For anyone who knows just a bit of quilt history, the variety of works exhibited is astonishing. Made of cotton, wool, silk, satin, velvet and ribbons, the quilts are embroidered, inscribed and embellished with paint, ink, leather and photographs. “Soldier’s Quilt” is adorned with military badges, miniature flags and photographs of four American presidents--Lincoln, Grant, Garfield and McKinley. “Cigar Ribbons Quilt” is laboriously constructed of recycled silk ribbons that were stamped with brand names and tied around bundles of cigars.

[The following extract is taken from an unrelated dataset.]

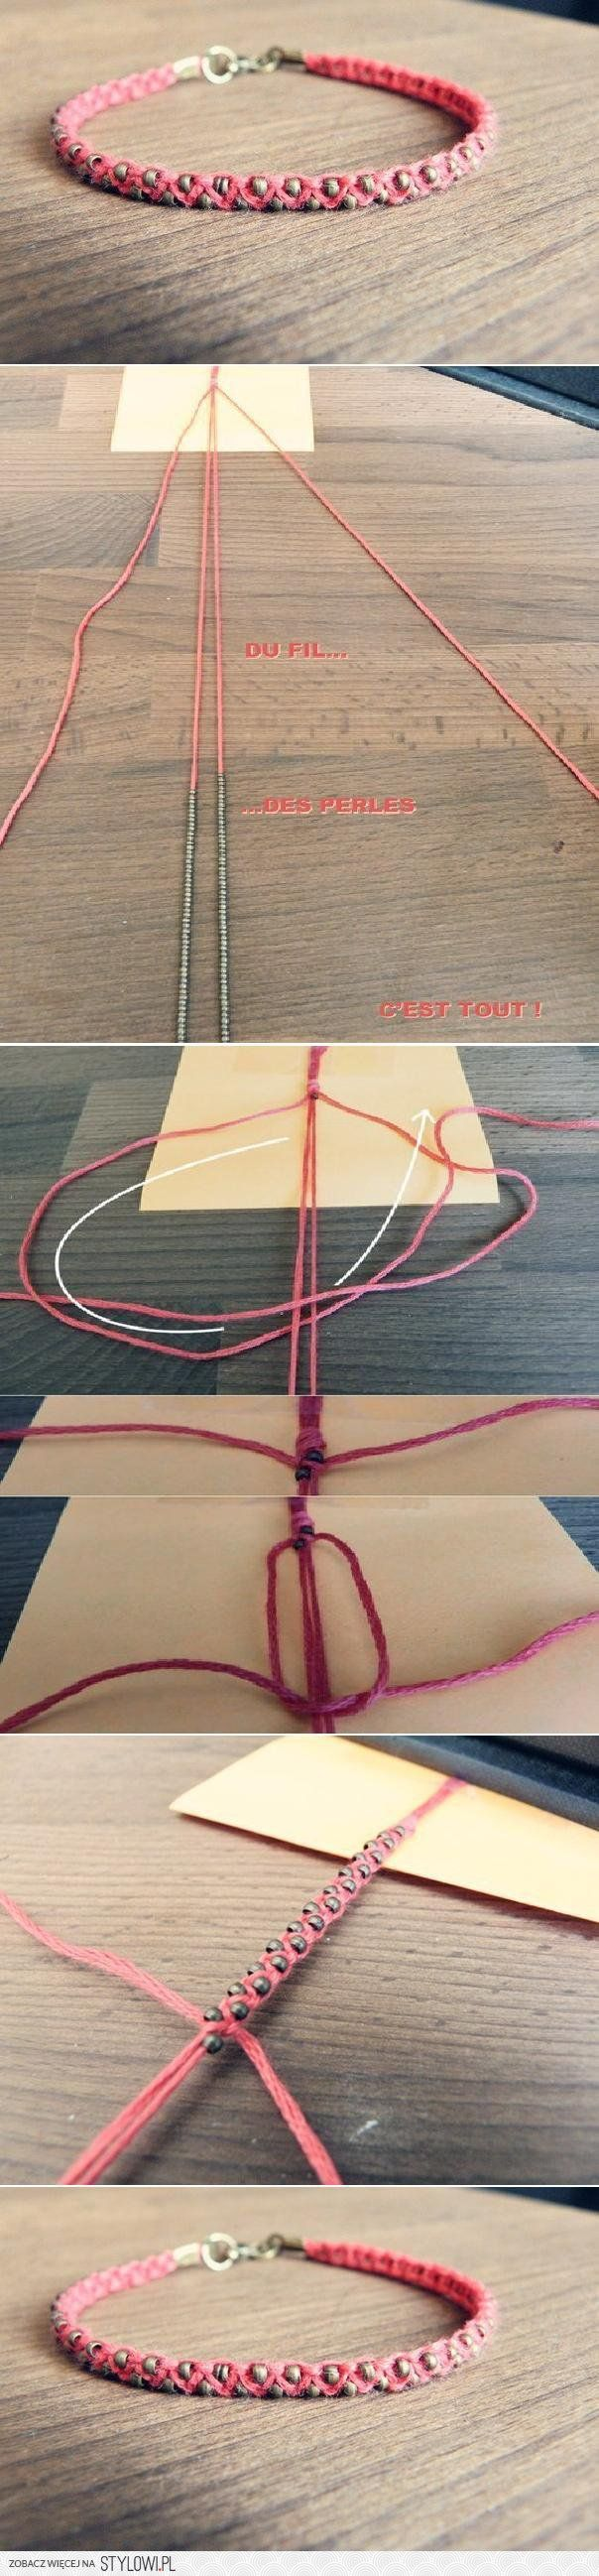 DIY Zaledwie Weave Projekty DIY Bransoletki | UsefulDIY…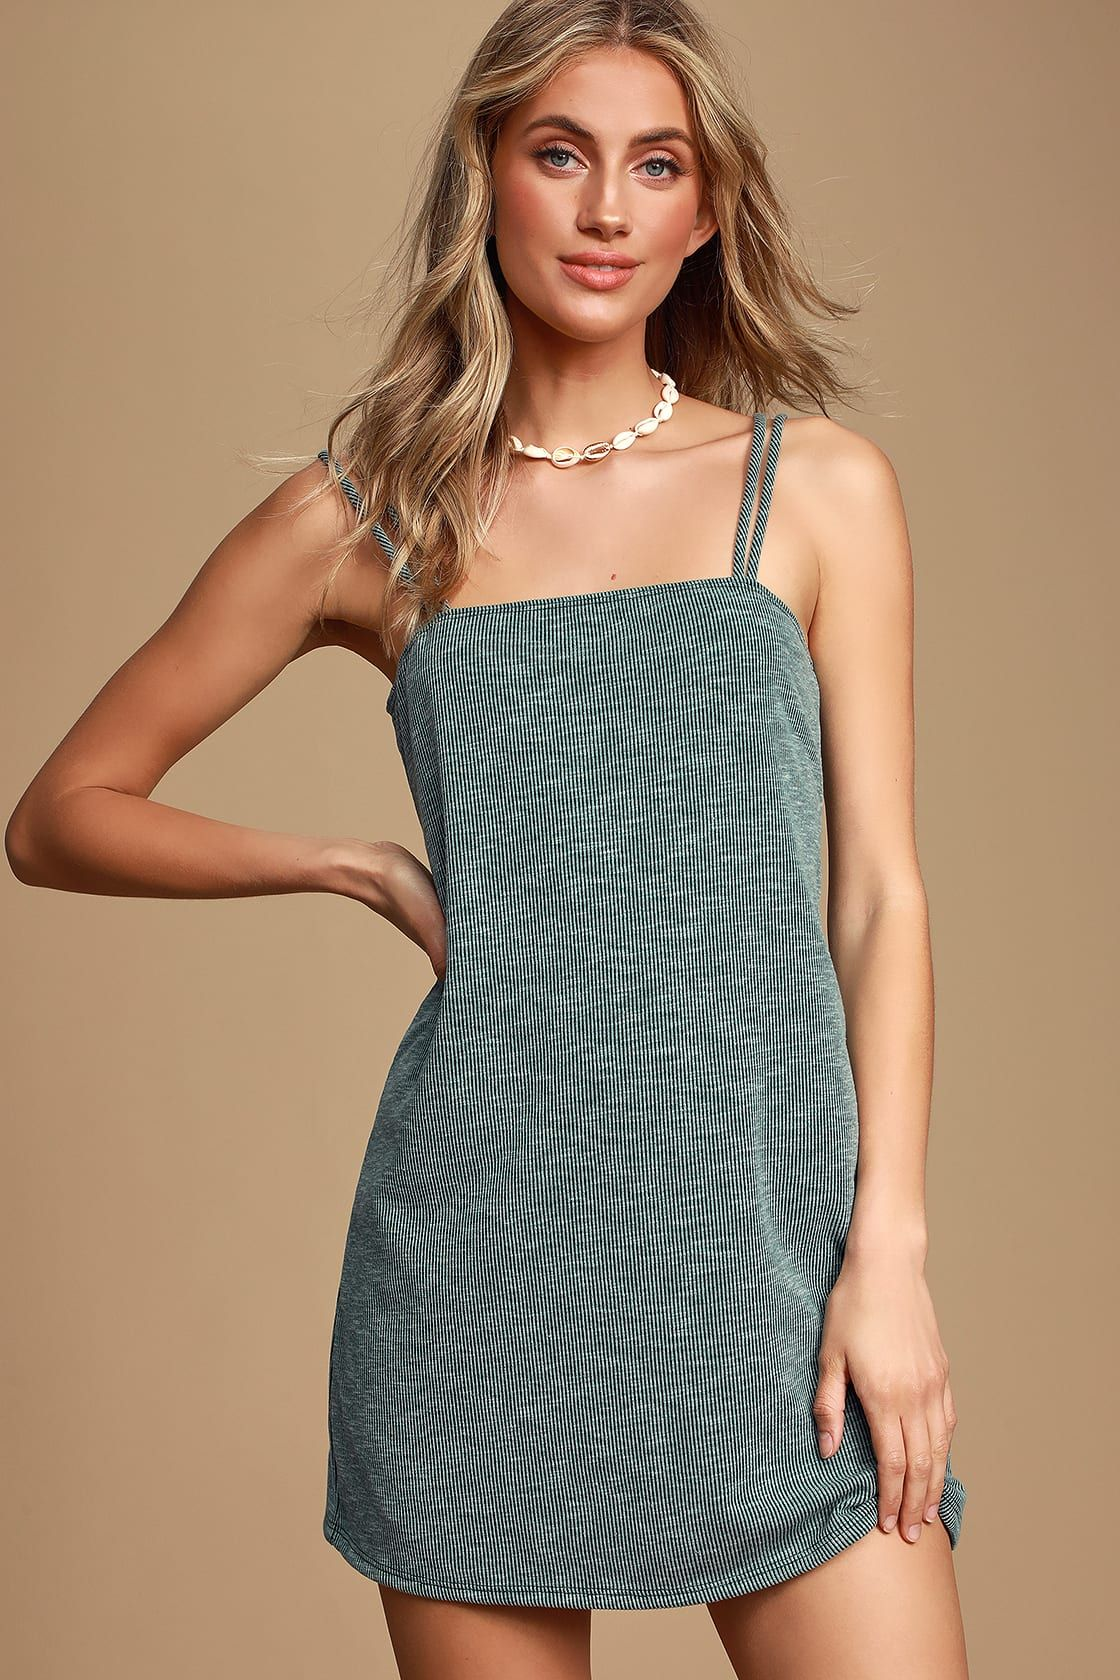 Lulus | Aberdeen Sage Green Ribbed Strappy Sheath Dress | Size Large #sagegreendress

Made to celebrate special occasions, tell family stories or raise funds in war time or for political causes, as well as to provide warmth and domestic decoration, the quilts encompass a multitude of designs. “Rose of Sharon Quilt,” made by two sisters in Missouri in 1857, is an impeccably crafted ode to patriotism that combines white-on-white American bald eagles with a red, pink and green floral motif. In sharp contrast, a crude wool quilt made in the Sacramento Valley during the late 19th century is sparsely decorated with rough shapes of livestock brands.

The quilters are also a diverse lot. A newly married couple, William and Rosina Widman, started an appliqued quilt of red buds and green leaves around 1855, partly to pass the time on ships that carried them from the East Coast to the Isthmus of Panama and on to San Francisco. Five children who lived on a farm in Oakland made a quilt as a Christmas gift for their grandmother in 1893, embroidering images of plants, animals and farm equipment on velvet and satin squares. About the same time, a grandmother who lived in New York made a crazy-quilt storybook for her grandchildren, and included vignettes from “Uncle Tom’s Cabin,” “Little Women,” “Uncle Remus” and “Heidi.”

Faced with all of these textile creations, family stories and historical facts, Fox is in her element. A former curator at the Los Angeles County Museum of Art who specializes in 19th century quilts, she has organized a dozen major exhibitions of quilts and written widely on the subject. The current show began with an invitation from fashion historian Margaret Pexton Murray, former director of the FIDM Museum-Galleries, who died last year.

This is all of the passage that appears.